Issues and Conclusions
The product positioning of any GPU is really what determines if it is going to be a success. Take the best performing card in the world, ask $1000 for it, and you’ll surely fail. Take the same card and sell it for $300 and you have a winner. Price and performance play a delicate balancing game in the GPU world.
This is where ATI sees the X800 XL 512 MB card fitting in with the current GPU options. Being placed firmly between the 6800 GT and 6800 Ultra card from NVIDIA, the X800 XL 512 MB is in a good position to make some consumers happy. It does seem to out perform the 6800 GT pretty well, though the 256 MB card did so on a similar scale too. Looking at that table above, you have to ask yourself, are you going to pay an additional $100 for a 512 MB card vs a 256 MB card?
The X800 XL 512 MB card also adds to the complexity of deciding what new video card to buy. Do we really need to have different cards, with different numbers of pixel pipes? What about vertex shaders, memory configuration, and whatever else all priced $50 apart, from $50 to $500? Right now it’s pretty confusing for consumers, but now add a new ATI card to the mix. It’s going to get a whole lot worse when the new GPU refreshes hit this summer adding themselves to the already heaving mix of graphics cards options. Should make for some interesting reviews though!
This is a pretty hyped up term that is overly used by both GPU companies. Does “HD gaming” really exist? What defines it? Nobody knows, and if they do, their lying.
To ATI, HD gaming refers to ultra-high-resolution gaming. We’re talking 2048×1536 resolutions with 4xAA and 8xAF. Sounds pretty nice, right? Too bad I don’t have a monitor here that will push that resolution otherwise I might have tried to play around with it. Instead, take a look at what results ATI had comparing their 256 MB and 512 MB X800 XL cards.
Both Half-Life and Far Cry at this level see some nice gains, up to 55% frame rate increases. It will be some time before this resolution becomes a viable option for home users even though the price tag of entry isn’t extremely high. You can find Viewsonic monitors that can do 2048×1536 at 68 Hz for under $500.
Final Thoughts – Do you need a 512 MB video card?
Our benchmark results did show a noticeable gain in gameplay performance when moving from the 256 MB X800 XL to the 512 MB version. Of course, this is only possible when you are running at the highest possible resolution, with all the eye candy and in-game features turned all the way up. Hopefully though, if you are buying a $450 video card, you plan to do that anyway.
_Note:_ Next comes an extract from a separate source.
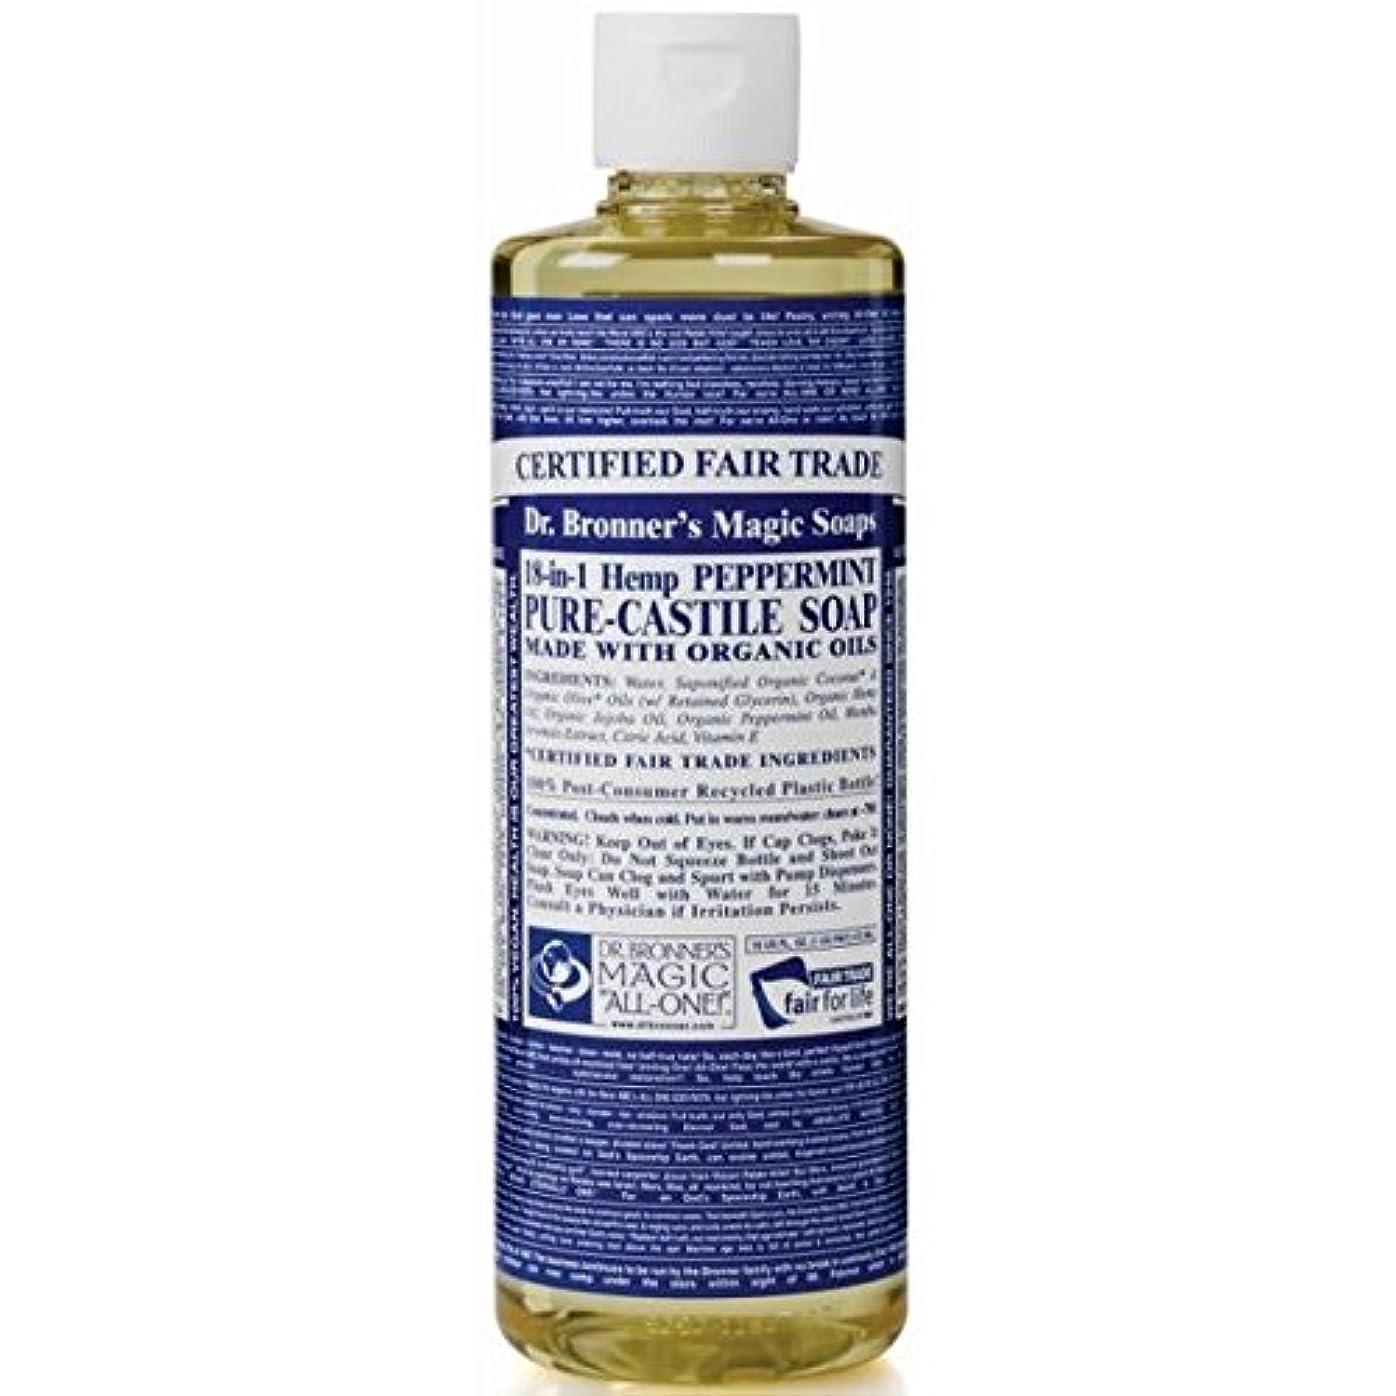 Dr Bronner Organic Peppermint Castile Liquid Soap 237ml (Pack of 6) - のブロナー有機ペパーミントカスティーリャ液体石鹸237ミリリットル x6 [並行輸入品]

That being said, if you don’t plan on running at resolutions that high, then the additional memory isn’t going to do squat for you. If you are happy with lower rez, or even need to run at 1024×768 because of lack of CPU power, then you should definitely look toward the cheaper model of the X800 XL.
The argument could also be made that current games don’t NEED to have the 512 MB card, so why should you bother buying one now? ATI and NVIDIA will tell you that you are simply preparing for the next wave of game engines to take advantage of them, and you’ll already be prepared. But as we all well know, if both ATI and NVIDIA are following the regular 6-8 month refresh cycle, then we all expect new cards coming up this summer. You can count on those next-gen cards having 512 MB, or at least a 512 MB option.
Overall, I was impressed with the performance of the X800 XL 512 MB card, but not enough to go out and buy one just yet. Performance junkies may want to run out and try to find the first on the shelf, but most users will be more than happy with a 256 MB card until the next GPUs hit the market later this year.